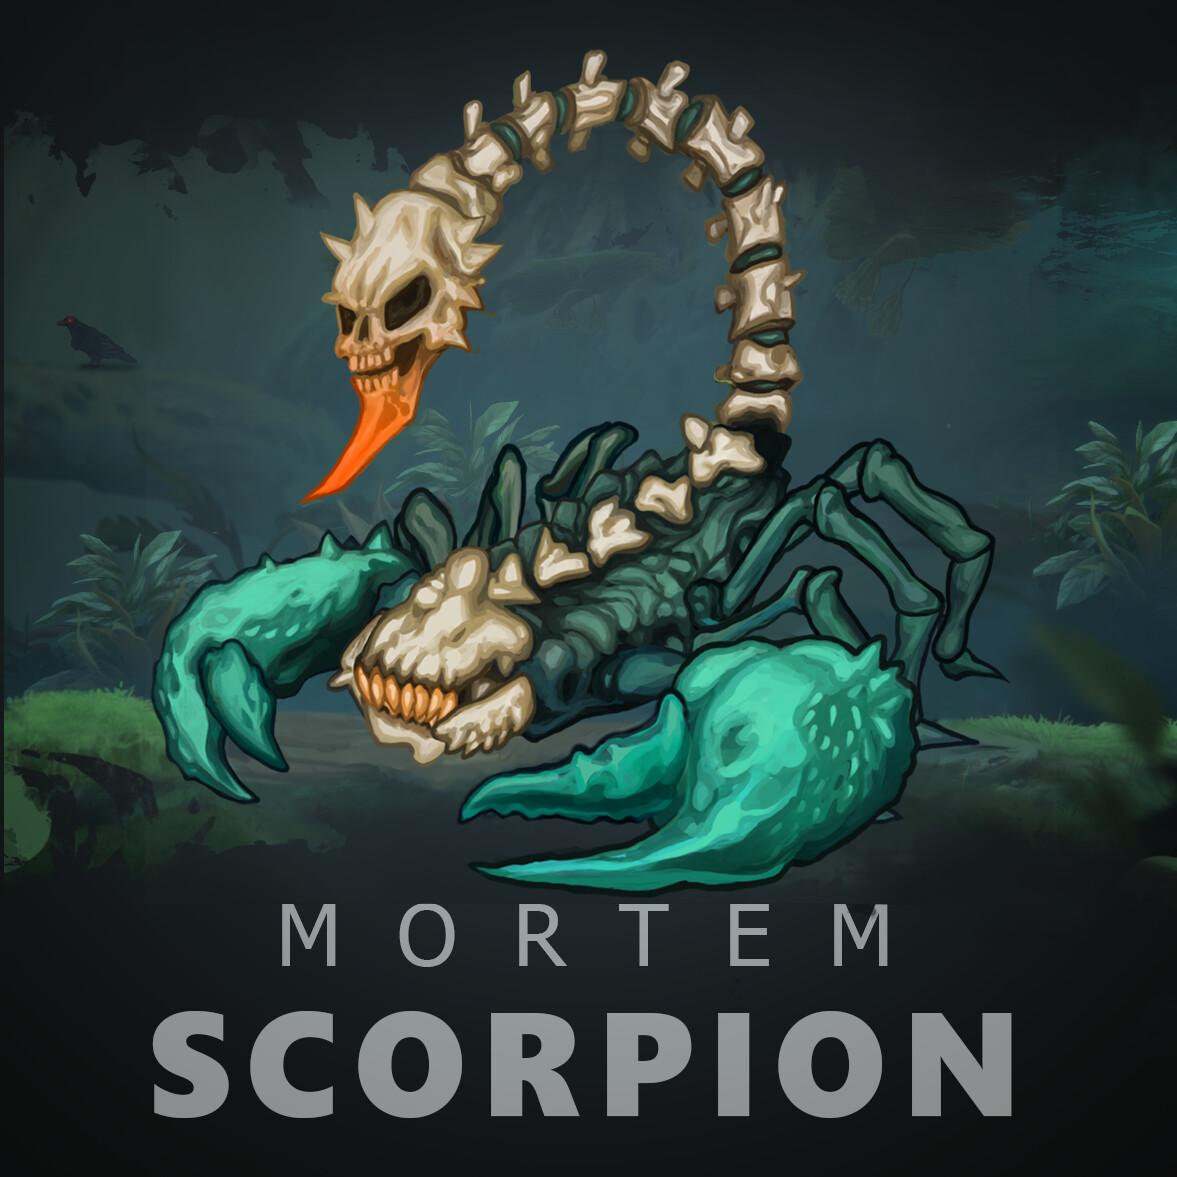 MORTEM SCORPION
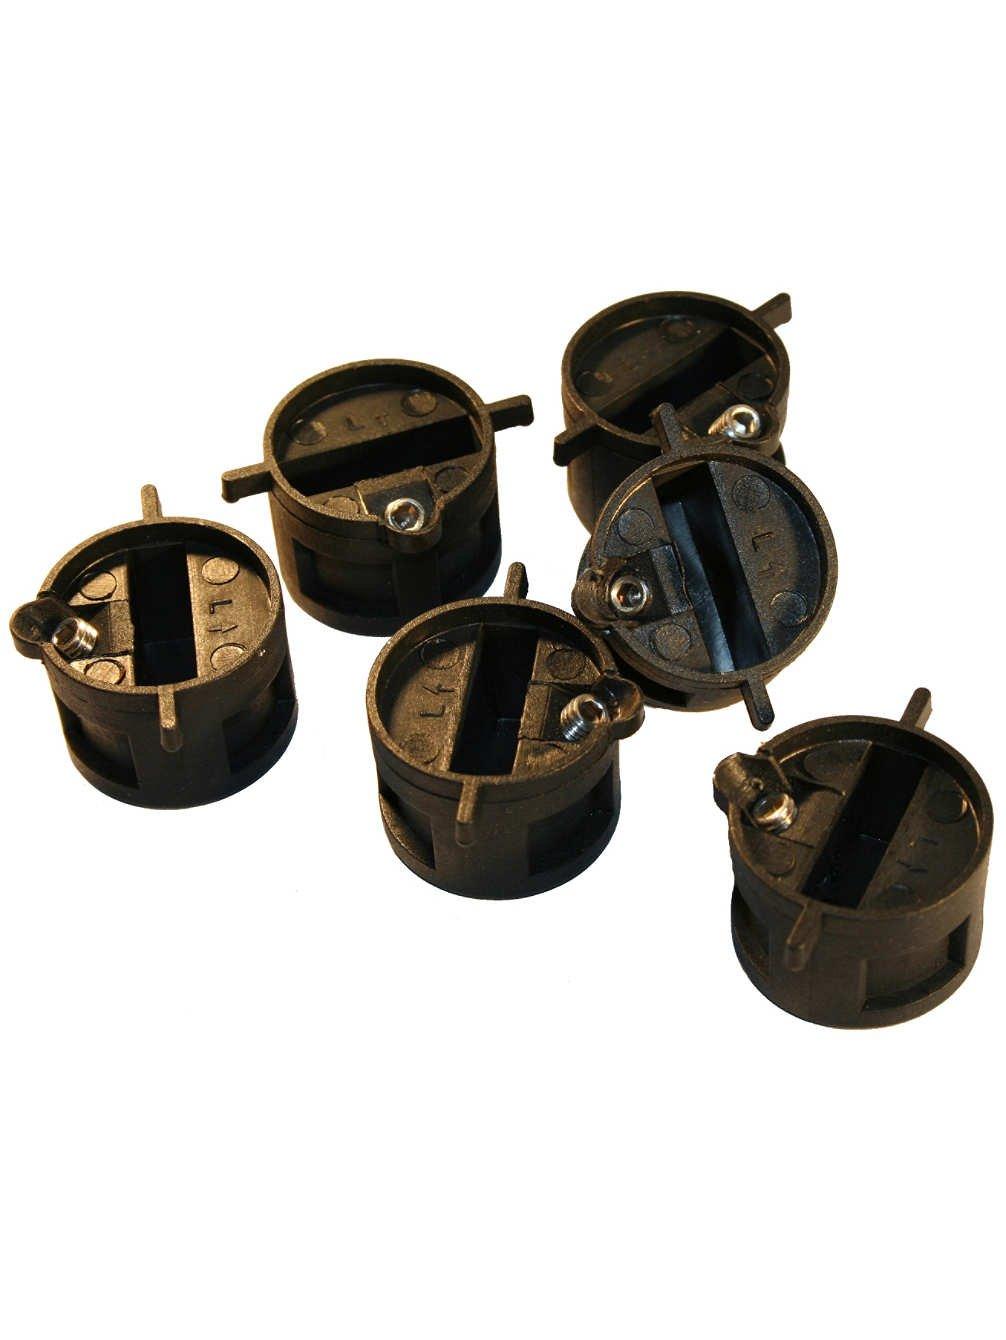 FCS Compatible Fin Plug Set (6 Pcs) Northcore*
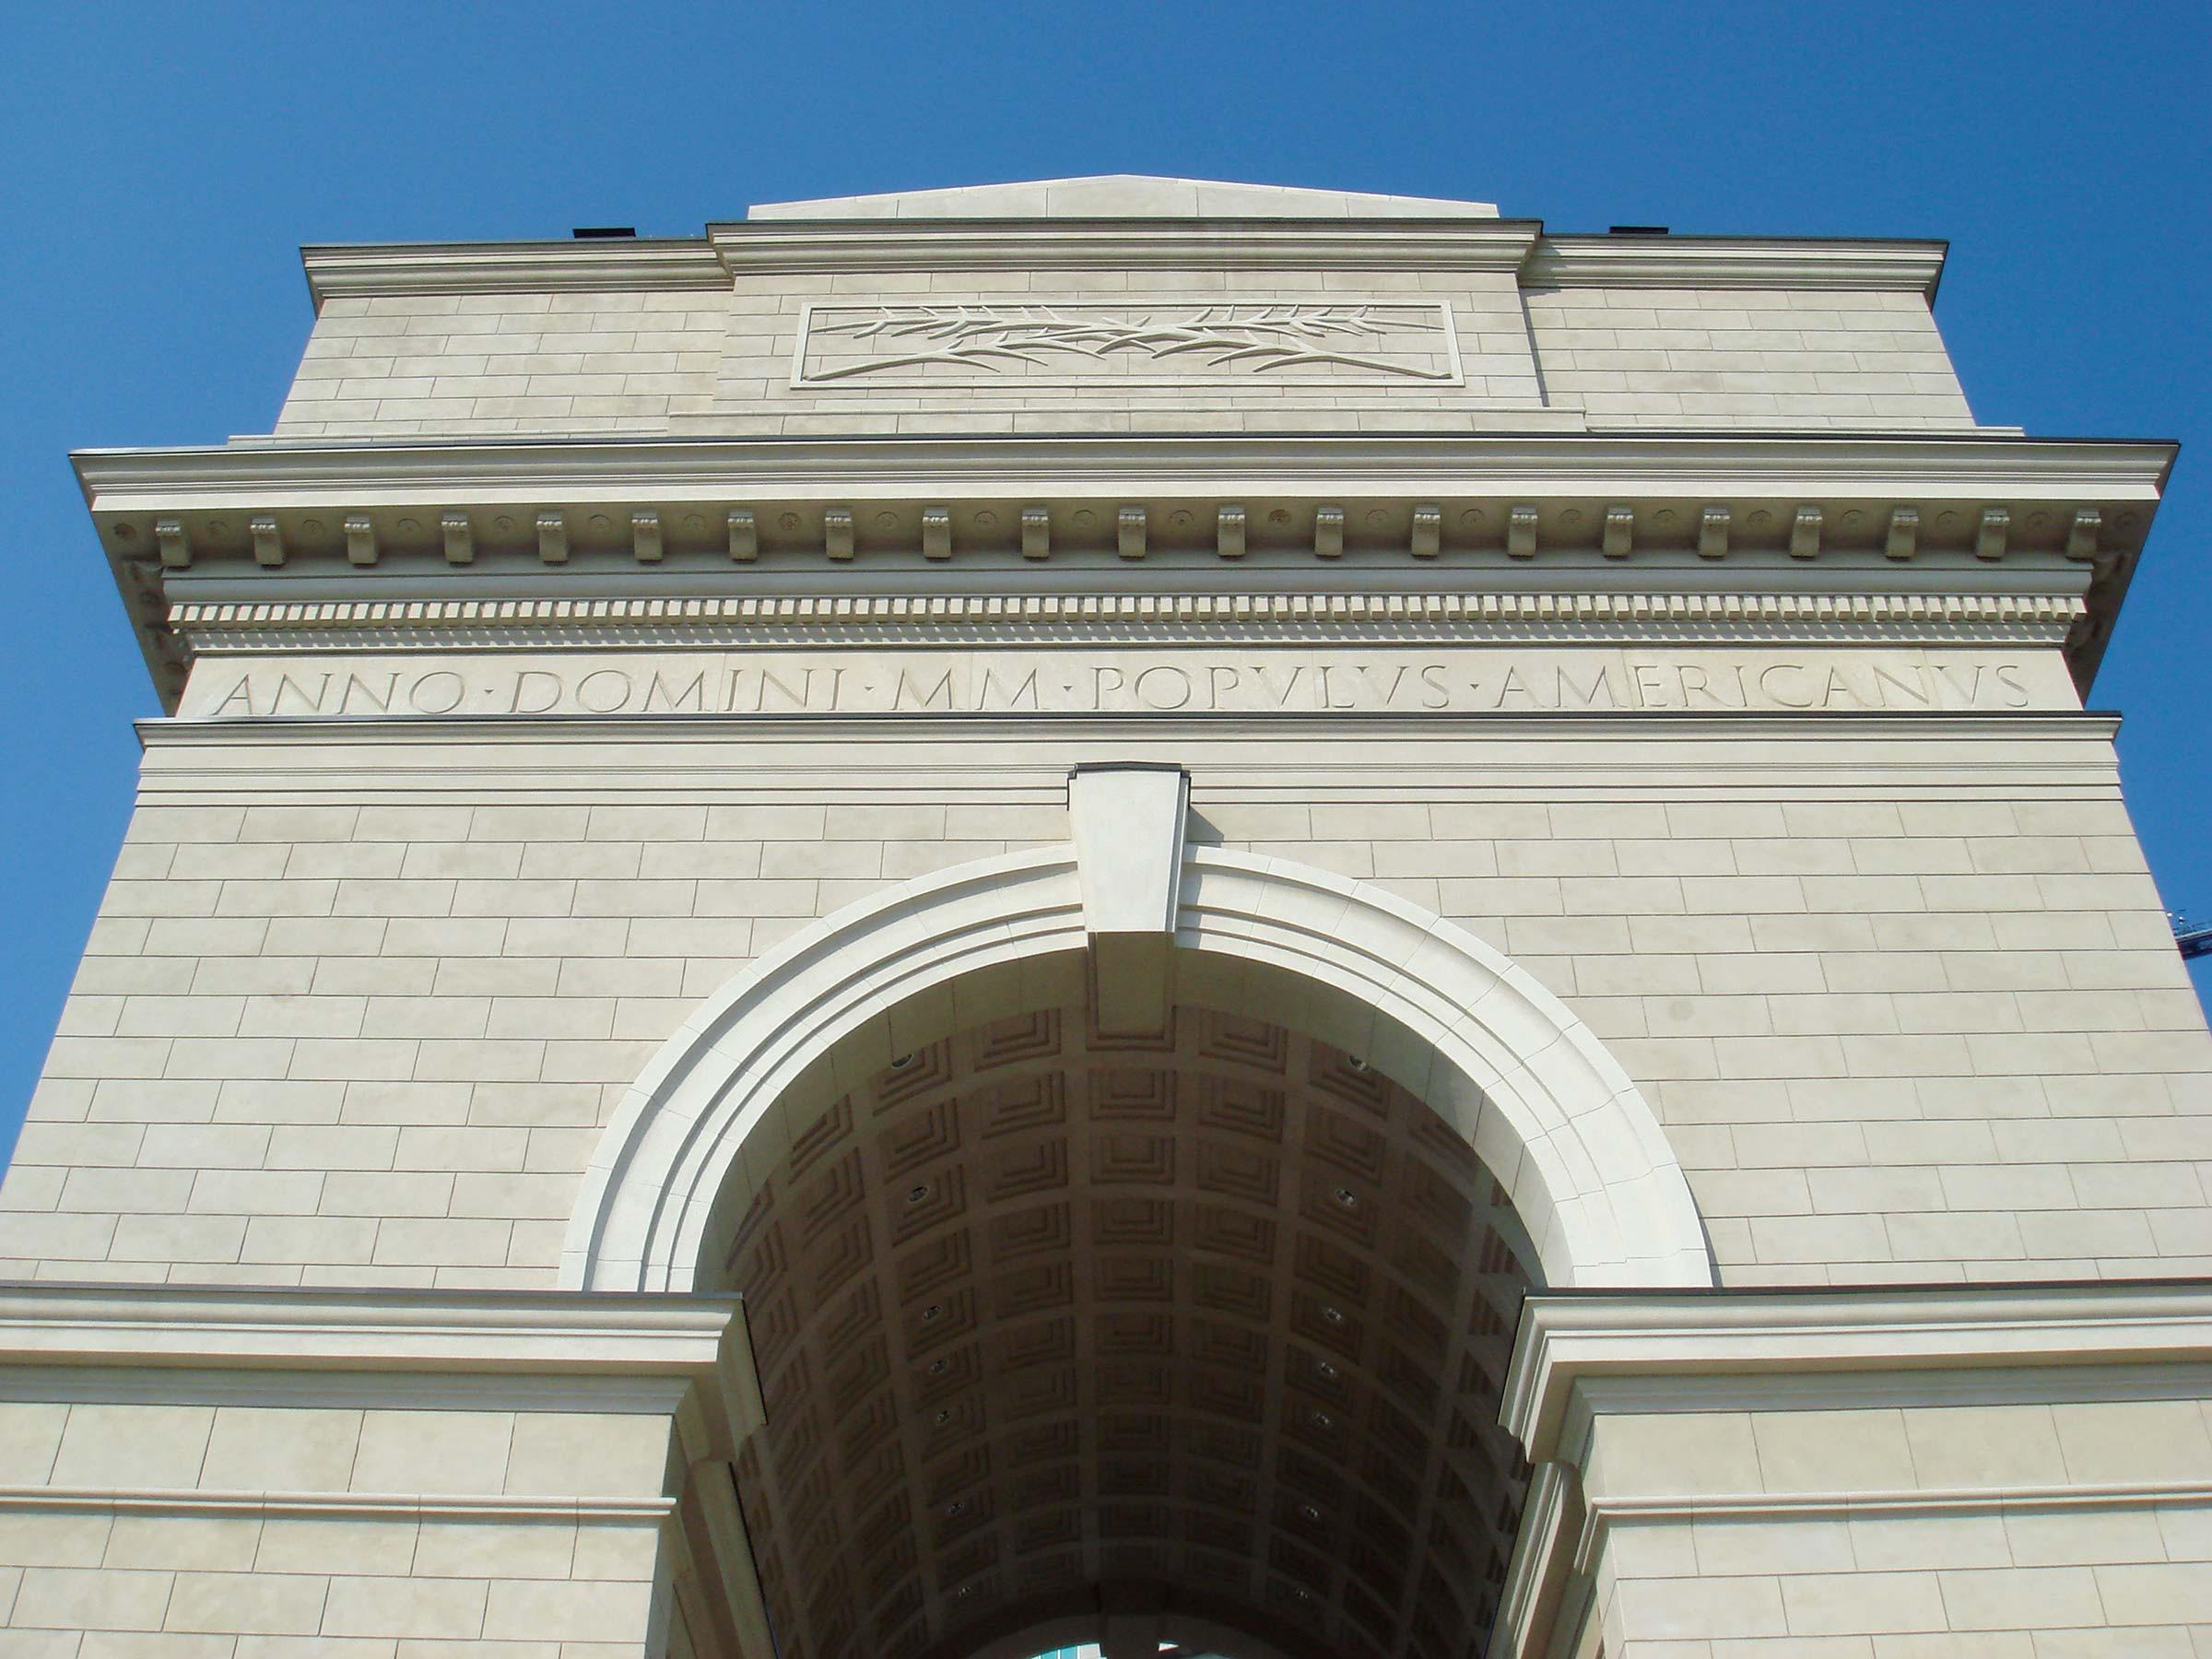 Millennium Gate, Atlanta, USA

----

§ ABOUT THIS EXERCISE: The result should be the material above, unchanged and free of pictures; please print it.

§ RESPONSE TO THIS EXERCISE:
 MORTEM SCORPION
 FCS Compatible Fin Plug Set (6 Pcs) Northcore*
 Millennium Gate, Atlanta, USA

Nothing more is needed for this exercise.